From the line that contains "Like all famous" through the last line of the data, copy everything exactly and nothing else, omitting the pictures.

Source material
--- START ---

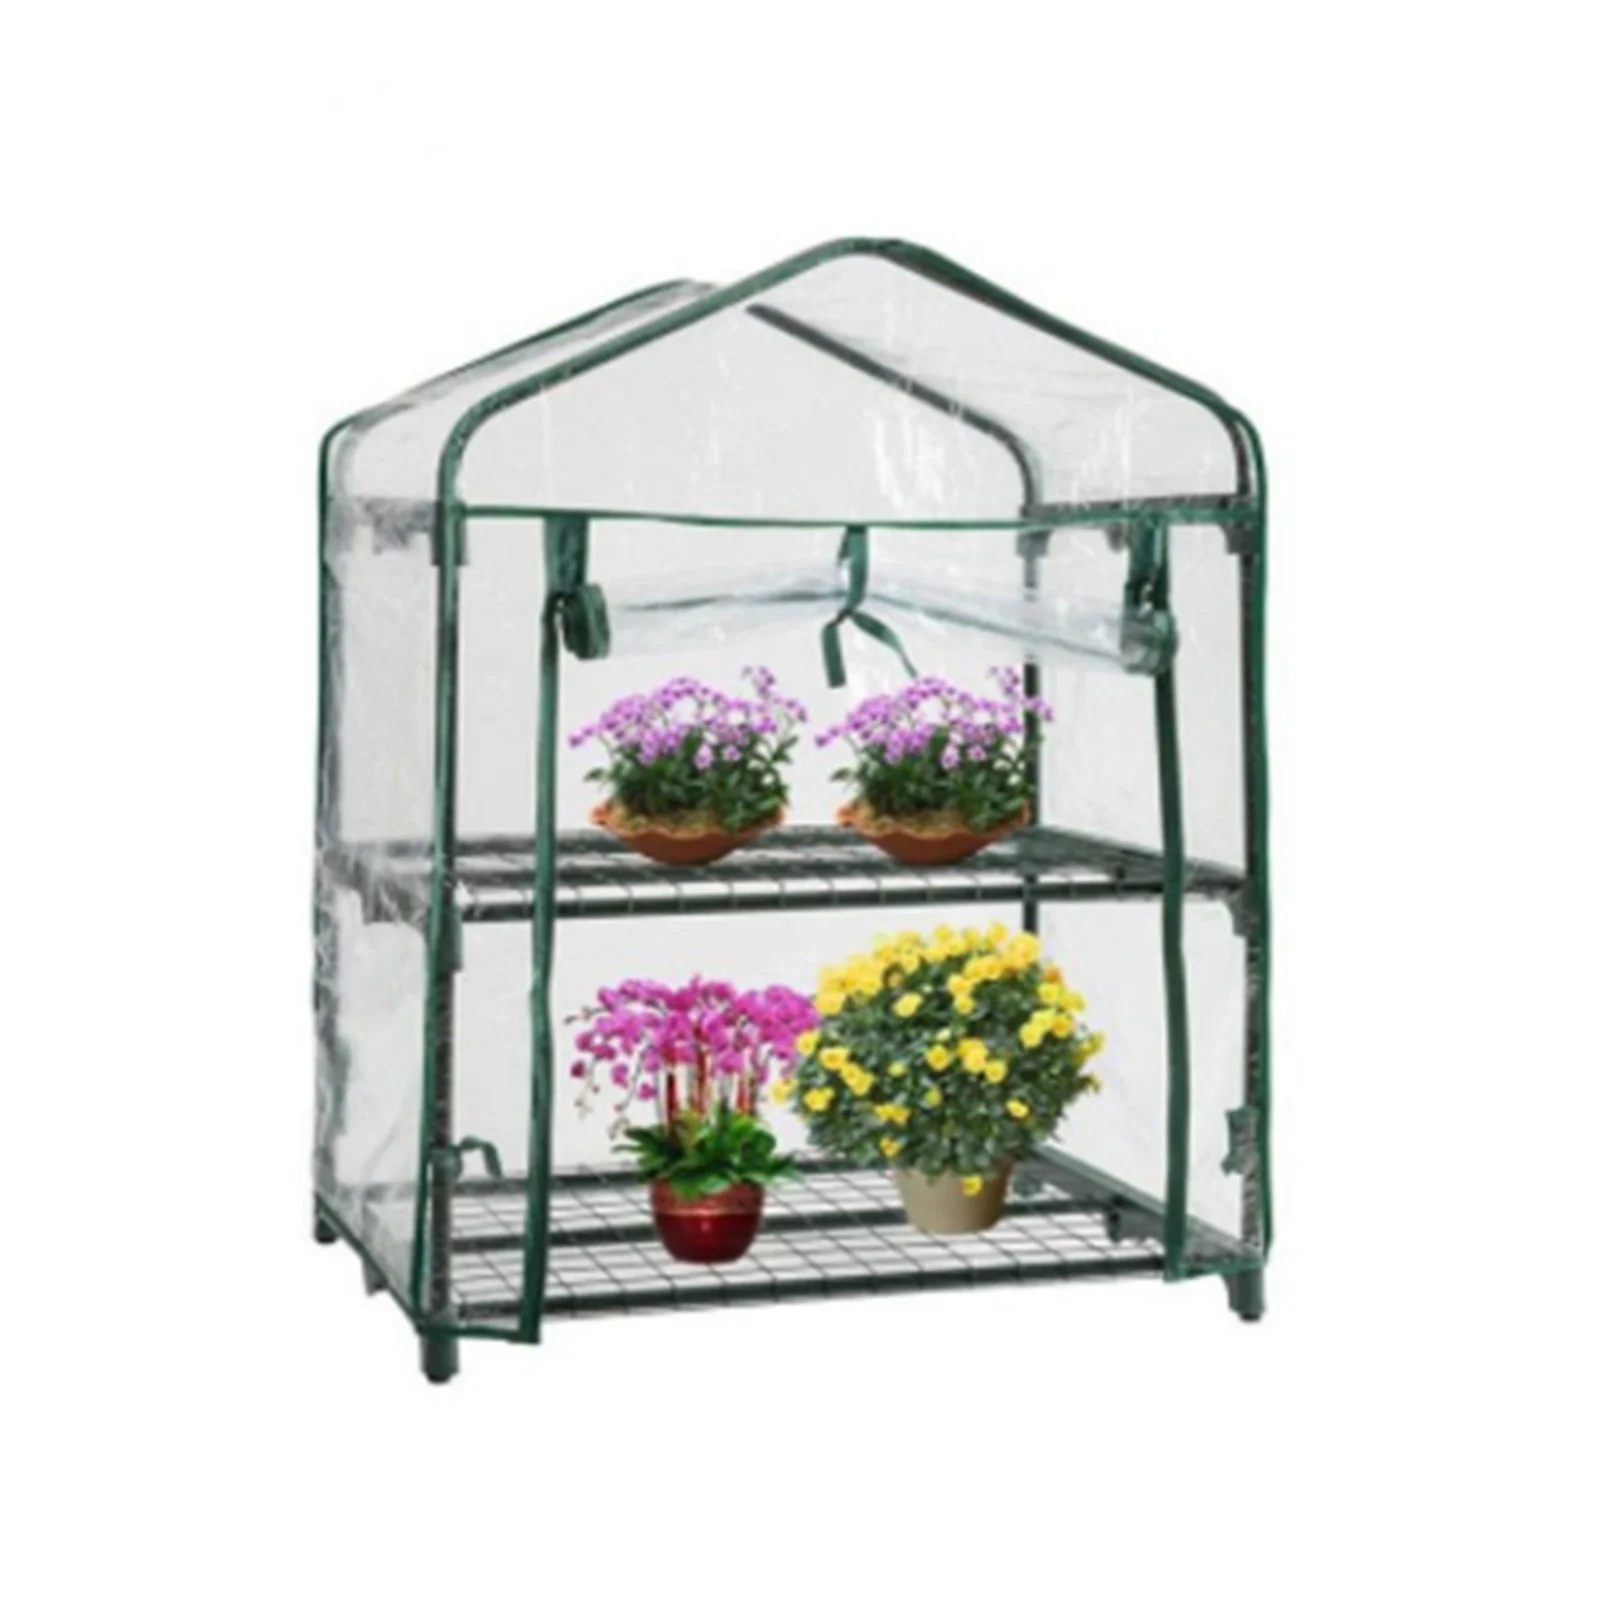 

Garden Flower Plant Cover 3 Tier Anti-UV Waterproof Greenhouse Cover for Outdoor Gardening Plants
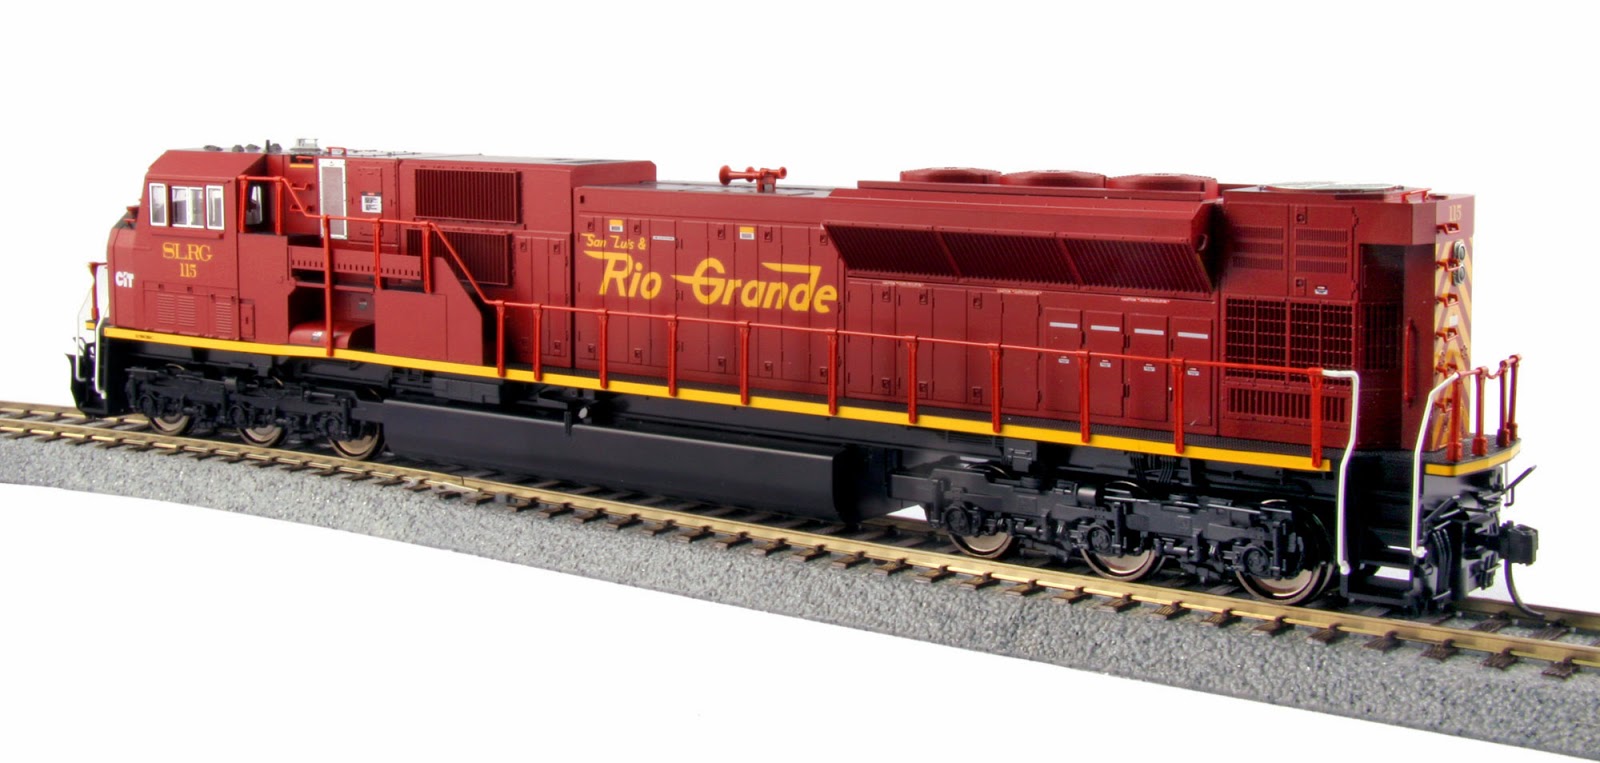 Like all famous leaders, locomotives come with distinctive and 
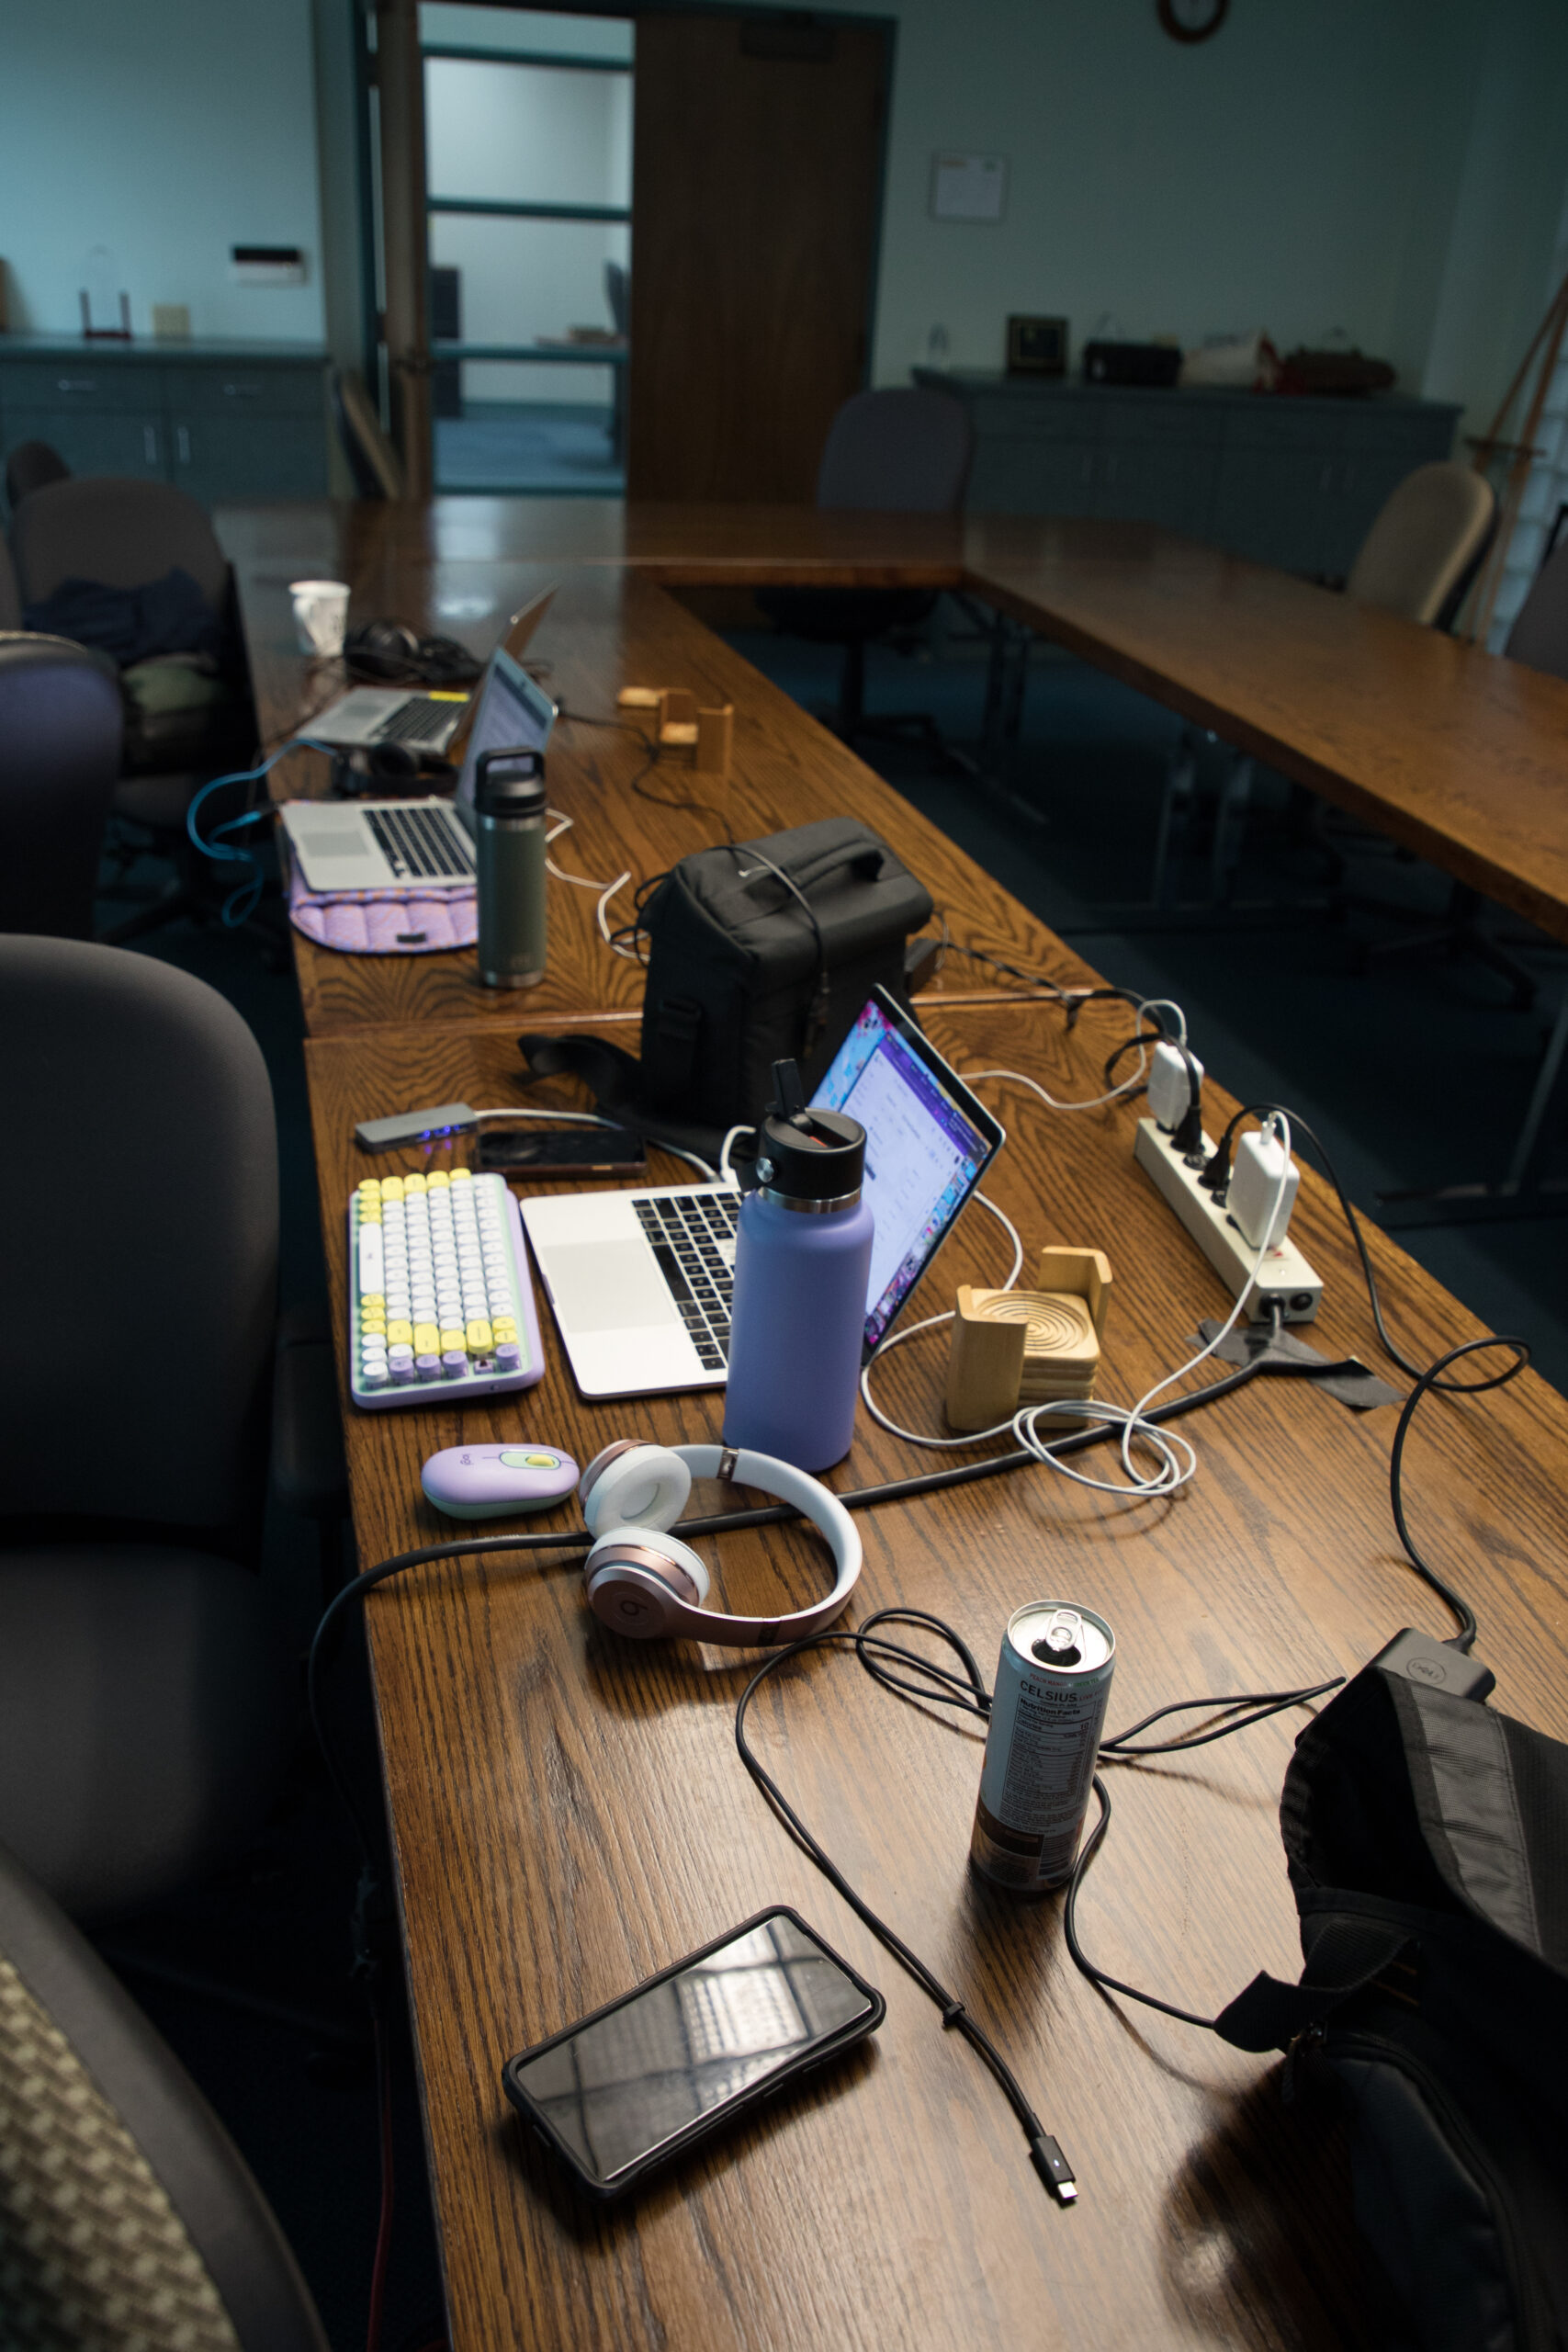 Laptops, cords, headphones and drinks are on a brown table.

--- END ---

Result of this exercise
 Like all famous leaders, locomotives come with distinctive and 
 Laptops, cords, headphones and drinks are on a brown table.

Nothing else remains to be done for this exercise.